Die COMPACT-Struktur
Die 2010 gegründete rechte Monatszeitschrift „COMPACT-Magazin für Souveränität“ wurde im Juli 2011 unter dem Namen „COMPACT-Magazin GmbH“ als Firma eingetragen. Deren Gesellschafter waren Jürgen Elsässer, Kai Homilius sowie Andreas Rieger. Homilius fungierte bei der Gründung als alleiniger Geschäftsführer. Dessen „Kai Homilius Verlag“ wurde zeitweilig der Verlag für das „COMPACT“-Magazin. Beide Zeitschriften-Verlage hatten bis Sommer 2022 in Werder (Havel) ihr Domizil.
Andreas Rieger ist als Herausgeber der „Islamischen Zeitung“ bekannt und war als Andreas Abu Bakr Rieger Vorstandsmitglied im „Islamrat für die Bundesrepublik Deutschland“, für den er Mitglied der „Islamkonferenz“ wurde. 2014 verließ Rieger das Projekt nach inhaltlichen Differenzen wieder. Seine Anteile übernahmen die Hamburger „Jumbo-Dienstleistungs GmbH“ (später „Nordheide Kontor GmbH“ aus Neu Wulmstorf) von Jörgen-Arne Fischer-van Diepenbrock und der frühere AfD-Anhänger Mario Rönsch aus Erfurt. Dieser wurde später wegen illegalem Waffenhandel über den Onlineshop „Migrantenschreck“ verurteilt. (2) Doch auch die Wege von Rönsch und Elsässer trennten sich bald. Die Firmen von Fischer-van Diepenbrock lösten sich auf. Nach dem auch noch Homilius im Januar 2018 (offiziell) aus der Geschäftsführung ausschied wurde, Elsässer zum alleinigen Geschäftsführer der "COMPACT-Magazin GmbH“.

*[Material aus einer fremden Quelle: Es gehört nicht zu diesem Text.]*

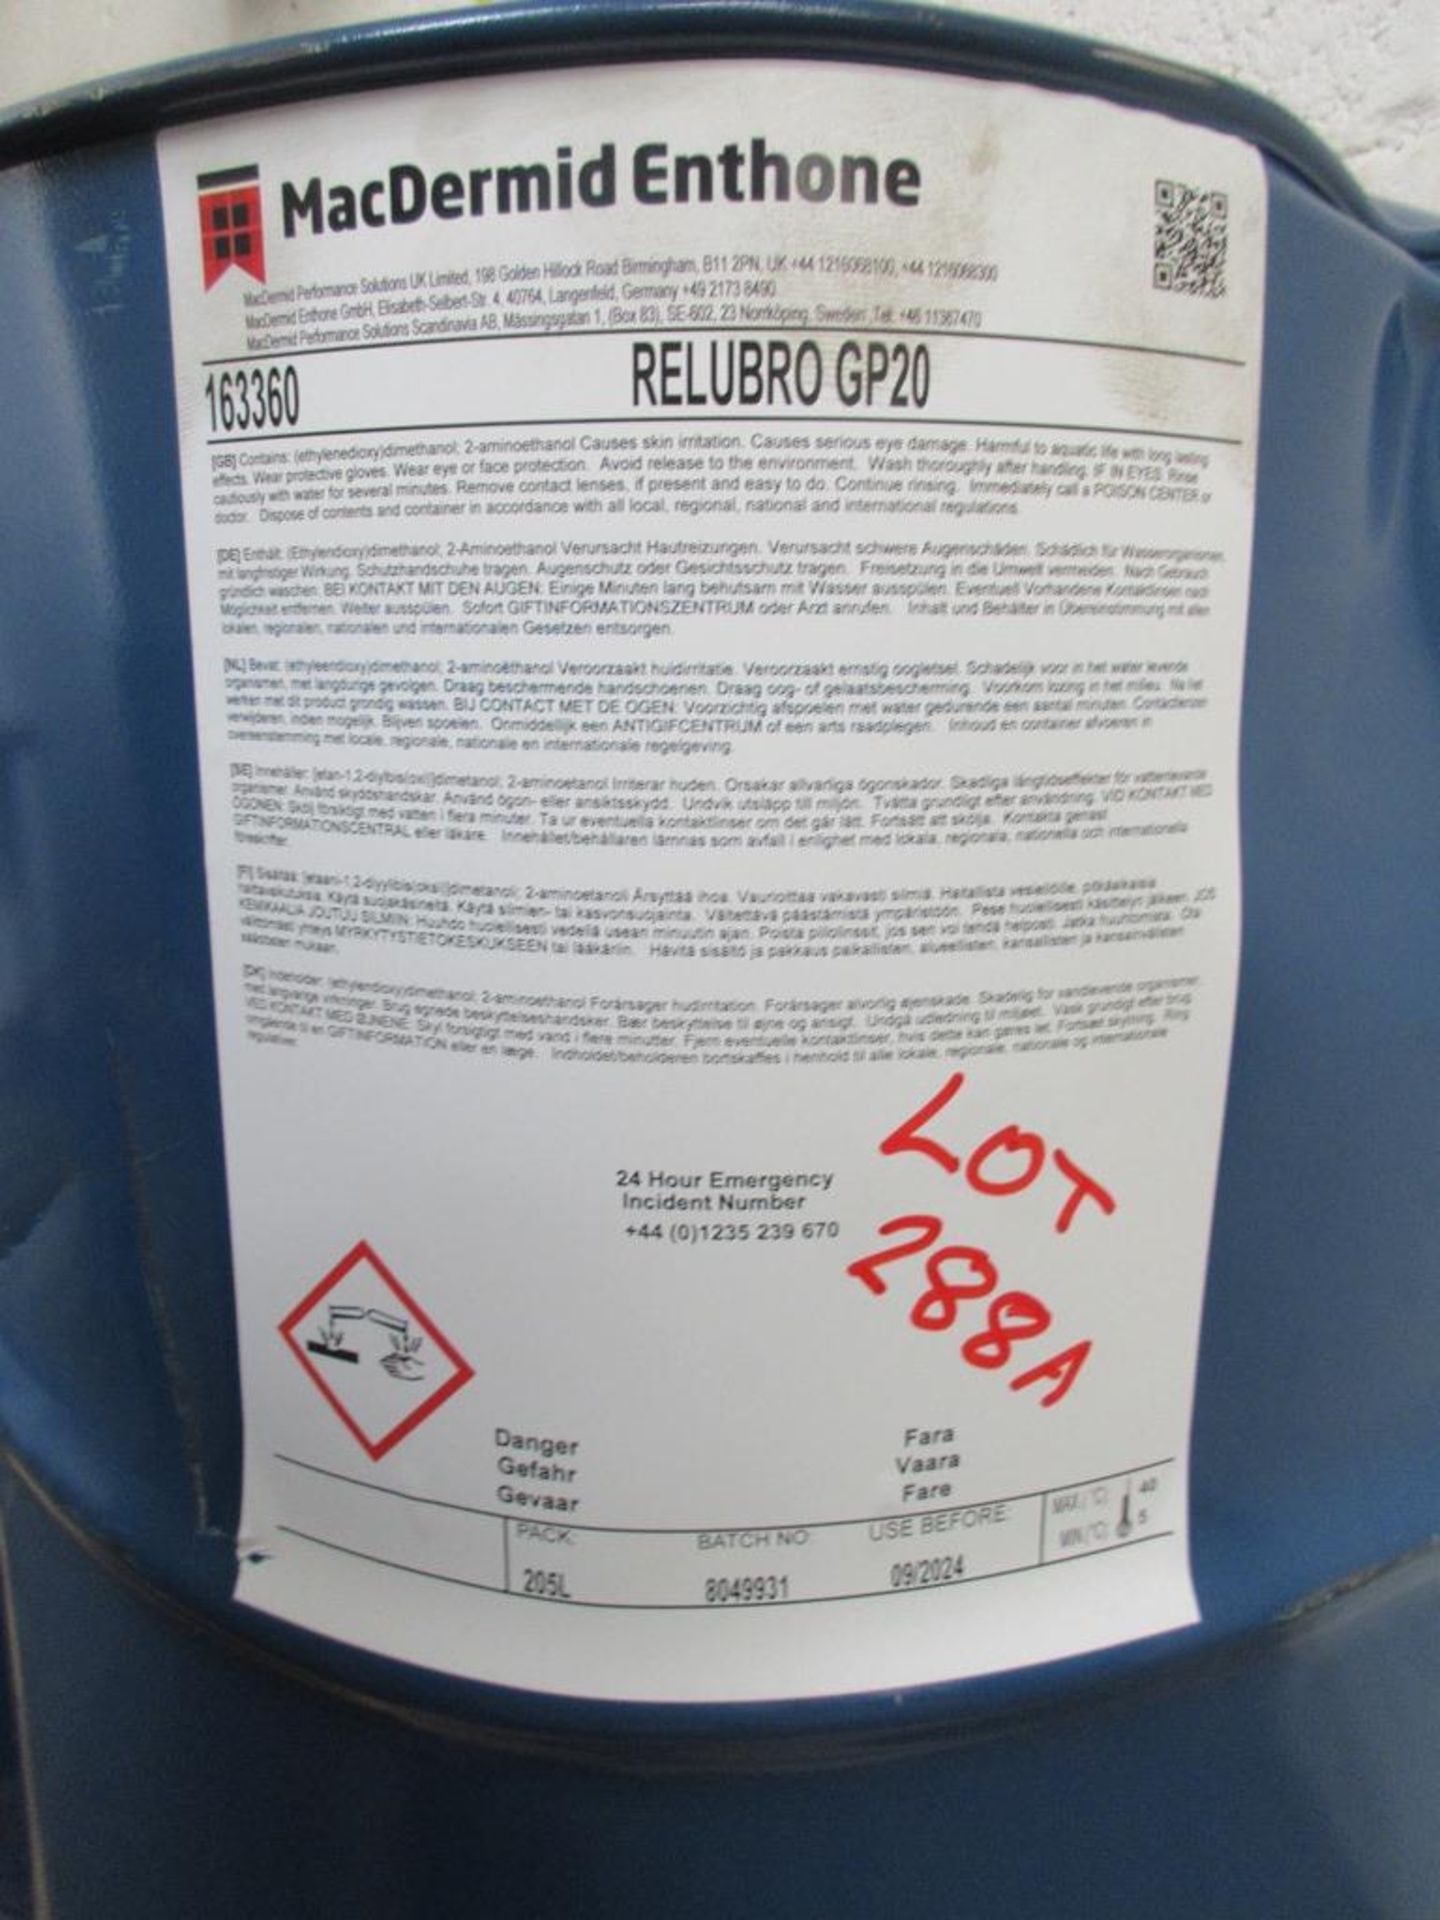 Lubetool 6000 Nine corrosion protection Spray 105, Ballistool Universal spray, two TF-90 fast drying - Image 2 of 4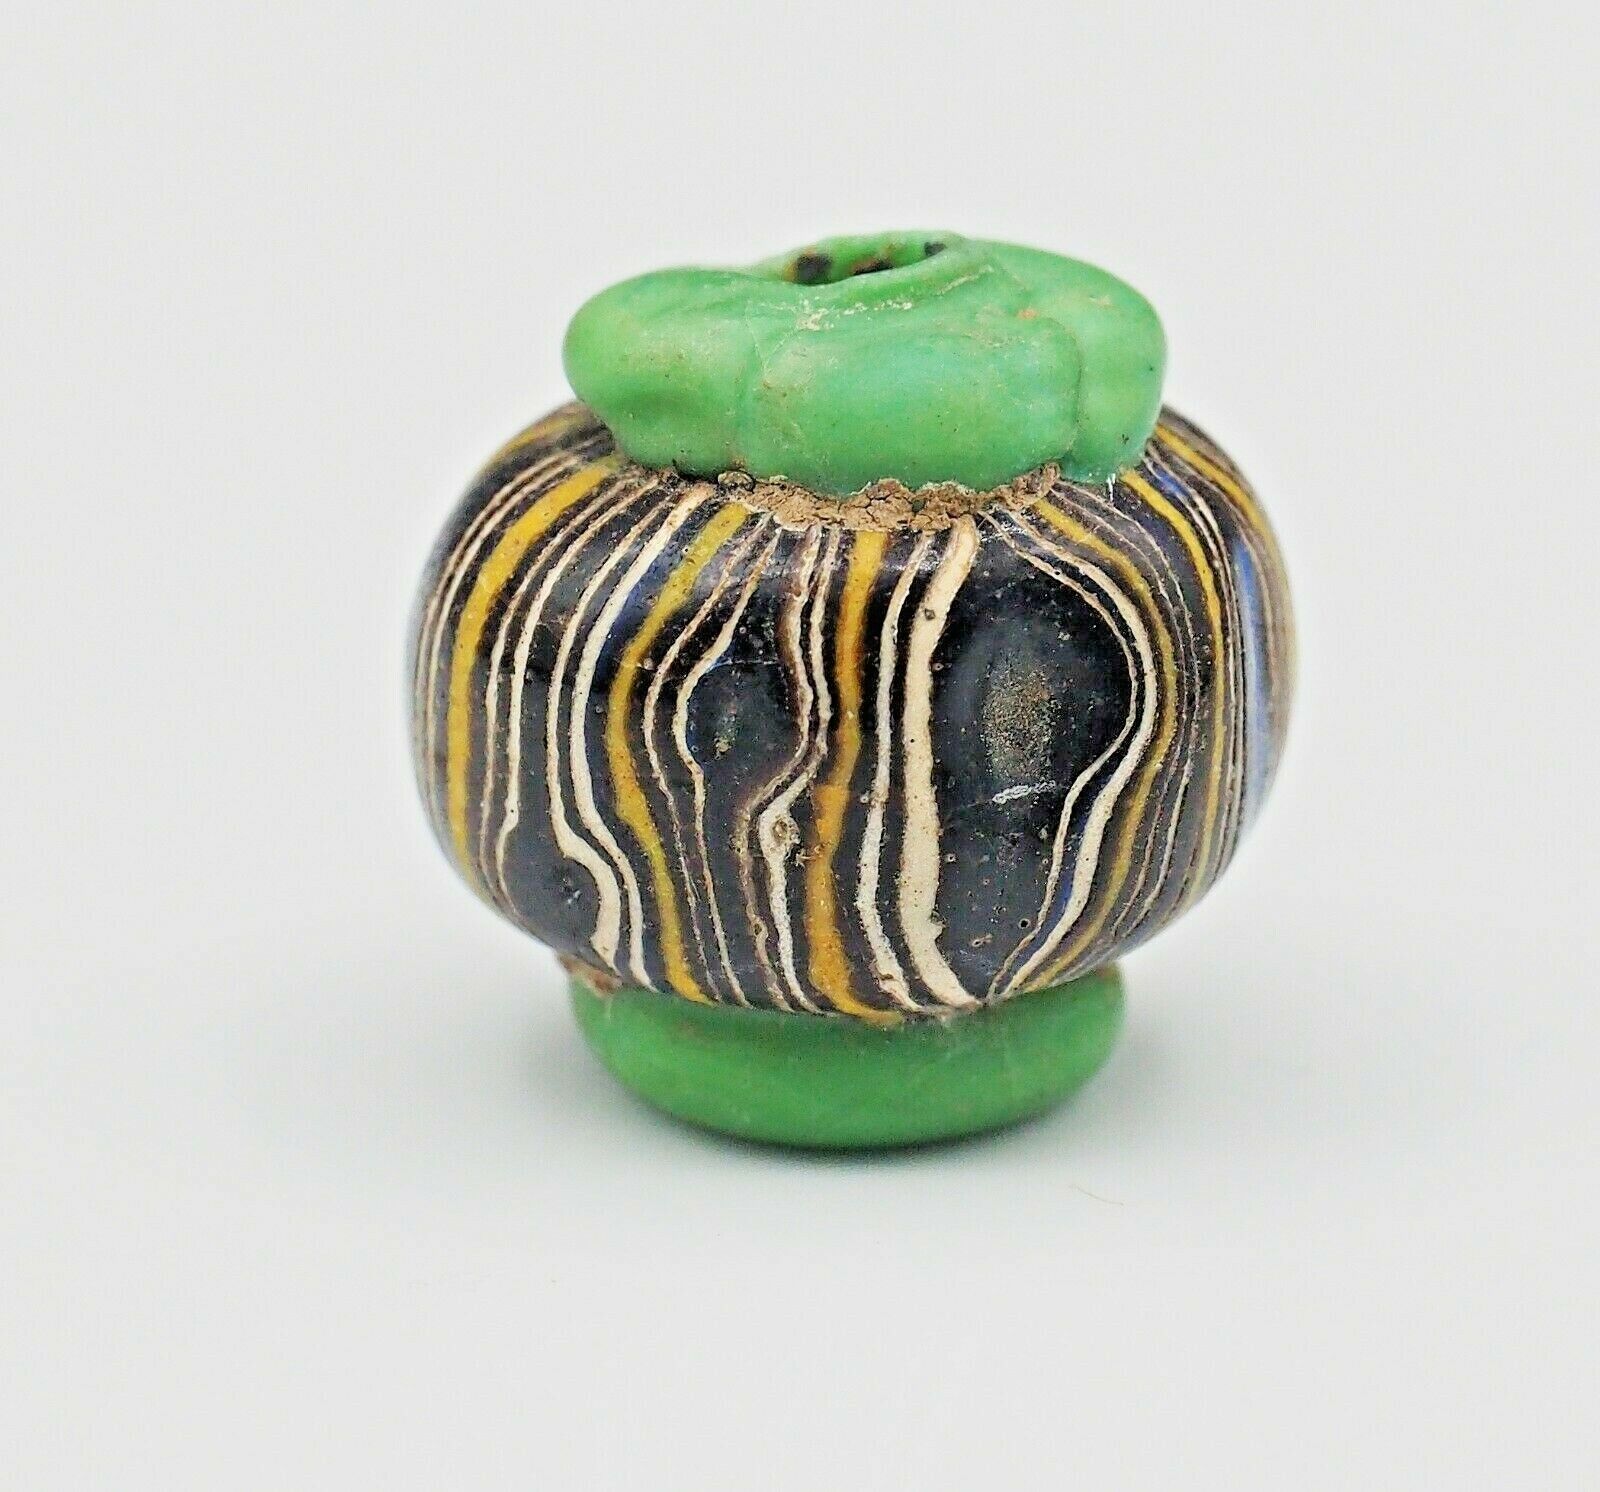 Antique Islamic Cultured Handmade Folded Core Form Swirl Green Cap Glass bead

Der offizielle Firmensitz der „COMPACT-Magazin GmbH“ befand sich mittlerweile in Falkensee in Brandenburg. Die „COMPACT“-Redaktionsräume und damit quasi der inoffizielle Sitz befanden sich in der Nähe an der Privatadresse der Eheleute Jürgen und Stephanie Elsässer (geborene Eckhardt).
Die „CONSPECT FILM GmbH“ wurde im März 2021 beim Amtsgericht Frankfurt/Oder in das Handelsregister eingetragen. Die Firma produziert für die „COMPACT-Magazin GmbH“ bzw. für „COMPACT-TV“ die werktägliche „Nachrichtensendung“ mit dem Titel "COMPACT.DerTag“. Zu den Gründern zählten Jürgen Elsässer, Martin Müller-Mertens und Mario Nieswandt. Nieswandt war mit Projekten wie „Nieswandtfilm“ und „Double Dragon Cinema“ bereits in der Brandenburger „Filmbranche“ tätig und betrieb den rechten Sender
„Seelow TV“ mit. Er wurde als alleiniger Geschäftsführer benannt, bis er im September 2022 von Stephanie Elsässer abgelöst wurde. Im Juli 2023 erfolgte eine weitere Änderung der Gesellschafterverhältnisse. Nieswandt und Müller-Mertens schieden aus dem Unternehmen als Gesellschafter aus. Neben Jürgen Elsässer wurden die „COMPACT-Magazin GmbH“, Stephanie Elsässer und Paul Klemm neue Gesellschafter der „CONSPECT FILM GmbH“. Der Sitz wurde von Seelow nach Falkensee verlegt.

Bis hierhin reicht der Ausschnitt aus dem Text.